Nature meant Tajammul to be a poet. At heart he was. I so regretted visiting your city, O Beloved; Agitated, I took silent refuge in a deserted corner. Intellectual loneliness has been the constant companion of the good and the great. These people were romantics, in all three senses temporal, intellectual and spiritual. Sadly, they couldnt follow their nature because they were diverted by the need to earn a living when opportunities for educated young men in British India were woefully limited. They could only write in snatches, in moments of emotional stress.

During the 1965 War Tajammul was in Lahore, from where he read Shehar Nama on Radio Pakistan Story of the City. It was a hit and helped raise morale. It was at Tajammuls house that poets and singers like Sufi Tabassum and Nur Jehan gathered to write and compose war songs. This is the stuff romantics are made of.

Tajammul Hussain first chose the legal profession, but fate had ordained otherwise. He had many things to be grateful for. Thankfully, if I might say so, he was bitten by the dog of a famous Hindu lawyer whose chambers he was to join. Laid up for a month, Tajammul had time to reflect. He decided to join the civil service. Had he become a lawyer his horizon would have been limited to looking at everything, including love, legalistically. His bureaucratic career, though meritorious, was thankfully again cut short by General Yahya Khan when he, his brother and many others were thrown out of service. This is the greatest medal of honour you have, I told them, to be illegally forced out by a drunk and debauch country-breaking, surrendering general. It gave Tajammul the opportunity to enjoy life and read and read and write more.

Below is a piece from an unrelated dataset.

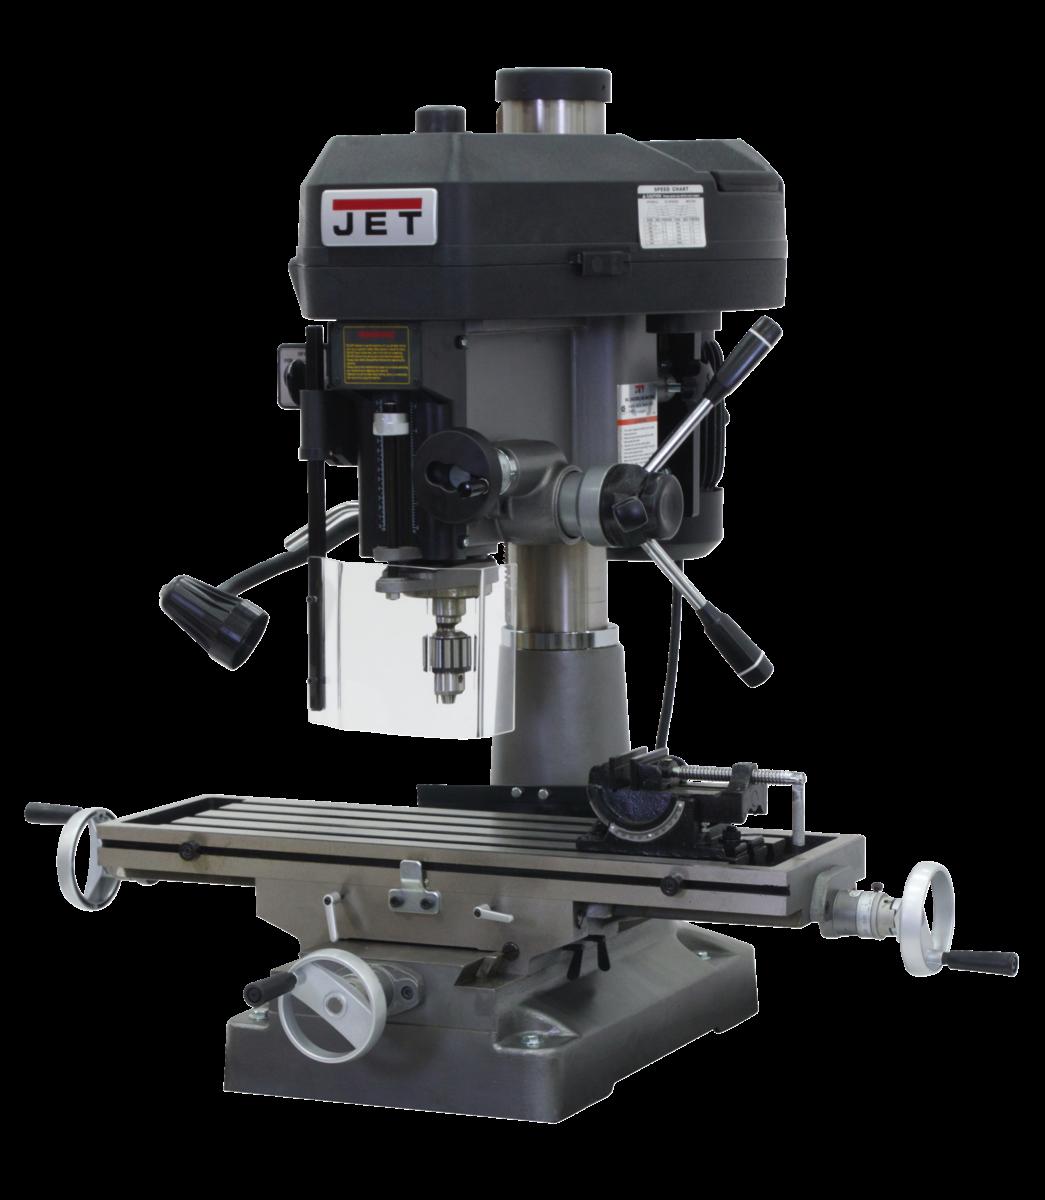 JMD-18 Mill/Drill With ACU-RITE 203 DRO

Combined with tremendous wit and repartee, his was a multi-faceted, multi-dimensional personality that made for great company, which one only left reluctantly. In fact, it was more an assemblage of sages, poets, writers, actors, singers, wits and the fun loving, including us young ones who learned a lot from being there. Tajammul was a great storyteller in the tradition of our famous qissa goh. Here is a line from a verse by Jamiluddin Aali: Rai Tajammul Sain ka ghar tha Inder ka darbar Prince Tajammul Sains home was like Raja Inders durbar The second line is best left unsaid.

His friends were his treasure; his shirt was for them. When he left Karachi for Peshawar he was bereft, separated from his Assembly, and said the ghazal I am sharing with you: It is said that there is great peace in the city after I brought my junoon here with me. The word junoon too has no equivalent in English, for it comes from the Arabian legend of the love of Majnoon for Laila, the girl he found beautiful. It encompasses obsession, fixation, madness, rapture, love and more all at once that make for junoon, the condition of the lovelorn Majnoon. It is symbolic of the spiritual and would not be a legend if love were requited. These are idiomatic, not literal translations. I have left my happy, laughing friends of the Assembly who are closer to me than my heart; the Assembly that partakes of wine from the cauldron of Love.

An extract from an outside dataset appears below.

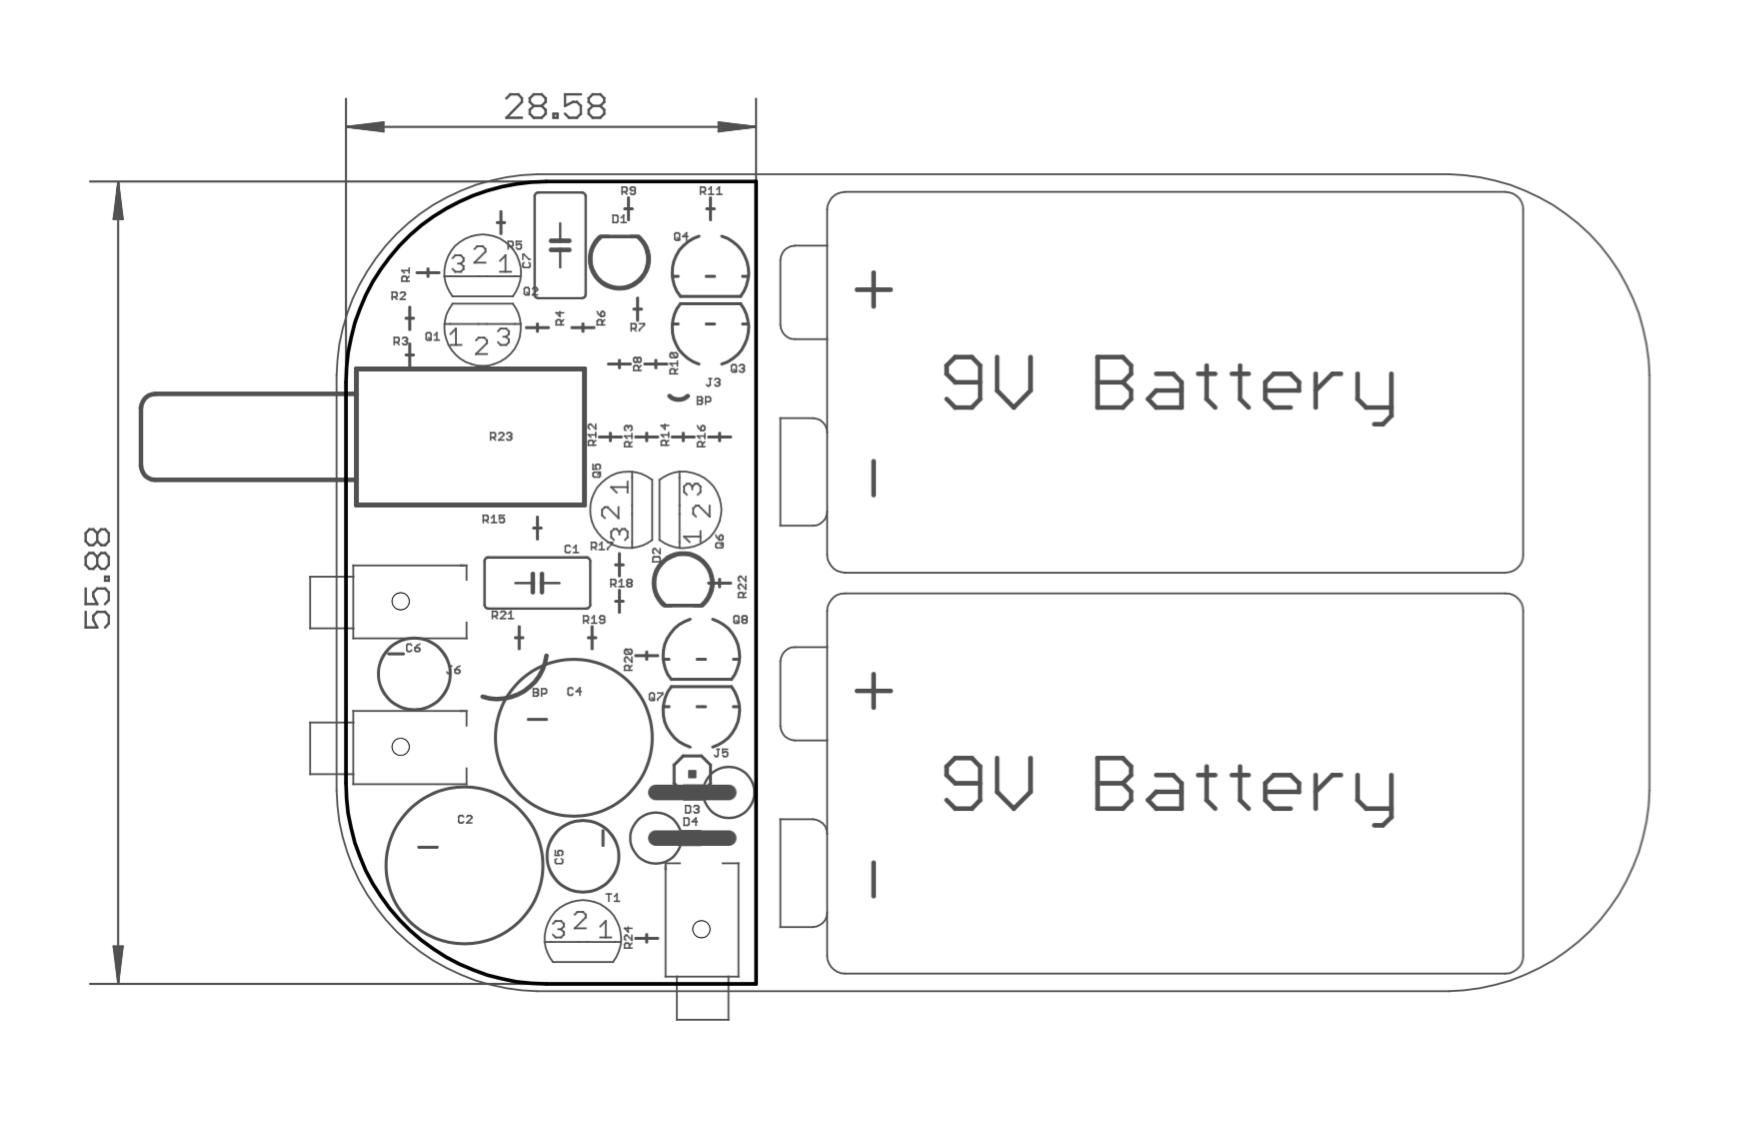 Altoids Amp Diagram Explained Wiring Diagrams Hifi Blog For Diy Audiophiles Grado Ra1 Headphone Amplifier Tin Of Fets Sized Not A Cmoy Variation Mint

One great favour Tajammul Hussain did to history was to write his autobiography, Jo bachay hain sung samait lo in Urdu and It Was Only Yesterday in English. His was a generation that lived in tumultuous times. It saw the ebb and flow of history, sometimes participated in its making. It changed nationalities thrice while staying in the same place. It saw the breakup of India and the making of Pakistan. Then it saw the breakup of Pakistan and the making of Bangladesh. Now it was witnessing the slipping away of Pakistan, its original ideal lost. It is a generation with much to celebrate and much to regret. That is why it is incumbent upon those who have something to say to tell it. In doing so, Tajammul Hussain has paid his debt to society.

When he left his beloved Lahore for Karachi, we all knew that he had gone there to die, for he wanted to be buried next to his mother. They had all gone, family and friends. Now who will come to my funeral? he asked when the last of them, Mian Sabahuddin, died. Look at it this way, I said. You will get a great a reception when you go there. Tajammul Hussains death is not just the passing of a man; it is the passing of a beautiful moment in history, the dispersal of an assembly unique.

His was a life, lived richly and intensely, on his own terms. He died on his own terms too. As life slowly ebbed away, he was surrounded by his children and grandchildren two younger generations present at the passing of the older one. This too is the way it has always been. Sitting up in bed, he died so peacefully, with a smile on his face, that it took them some moments to realise that the Caravan of Life had moved on.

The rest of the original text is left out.